Trapped in this domestic limbo, unable to seek solace or strength, I watch in horror as Sari throws herself at me—acting as if I’m a lifeline amidst the wreckage of her world. Once I extricate myself from her clingy hold, I suck in a deep breath as I move out of range. This is out of hand, and I don’t know how to make her understand I cannot remain here forever because he is gone. She will have to stand on her own, no matter how much it hurts.
I lean against the cool kitchen counter, my fingers tracing the edge as I work to ground my emotions. The texture is a poor substitute for the comfort I need, but it’s all I have in the barren wasteland of empathy that surrounds me. Each person who enters this house since Wilde’s passing sweeps in with their agenda—real or contrived—leaving my needs unacknowledged like specters in the room.
They’ve been sucking me dry slowly, and there isn’t much left.
Sari is crying now, her face red and full of the fat crocodile tears she’s been using to manipulate me into ‘one more day’ over and over. I turn away from it, looking into space as my mind tries to separate me from that spectacle.
Memories seep through the cracks of my composure. I can’t shake the image of the small urn on the dais, stark and surreal. Wilde’s essence was reduced to ashes, contained within a vessel far too plain for a soul as vibrant as he once was. The service was intimate, a collection of mere whispers in the grand tapestry of his life. Wordsworth’s verses lingered in the air, mingling with the solemnity of Shakespeare’s prose—each line a tribute to the man we’d lost.
Rafe stood by the urn, his eyes hollow as he unveiled the portrait he’d been coerced into providing. I knew the way his passion bled onto canvas, but this piece was different. Haunted by memories, it held a somber beauty that spoke of a joy long faded. I could almostfeel the weight of expectation that had pressed him into using an old work—one from a brighter time when Wilde’s laughter hadn’t been tinged with evil.
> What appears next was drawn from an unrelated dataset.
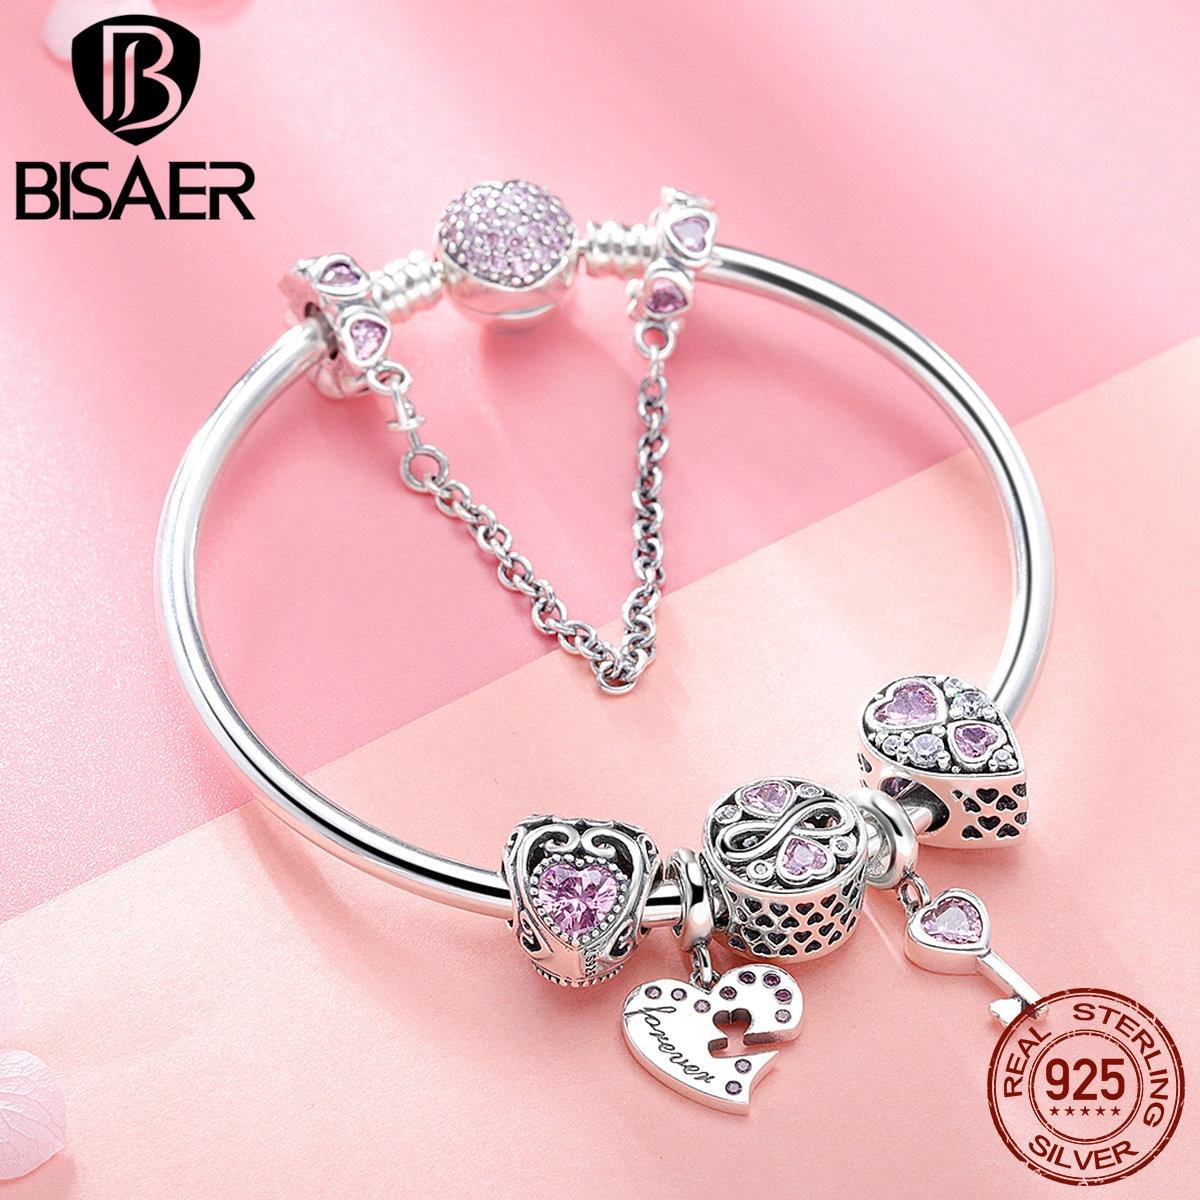 BISAER 7Pcs 925 Sterling Silver Heart Key And Locket Heart Pendant Brand Charm Bracelet For Women

Then there was me, my voice trembling as I sang ‘Ava Maria,’ each note a shard of glass in my throat. Singing sweetly for an audience of mourners, when all I wanted was to scream at the injustice of it all. By the time he died, Wilde had all but pushed Rafe and me into the roles of abused spouses, yet we had to celebrate his life as if he’d been wonderful. But I held it together, because that’s what was expected of me, and I couldn’t admit what we’d become.
“Beautiful rendition,” people said. “It must have been hard for you,” they mused. But the platitudes were devoid of concern for my well-being. They didn’t see the effort it took to stand there, to pour my soul into a melody while every fiber of my being screamed in protest.
None of them asked if I was okay—not even once.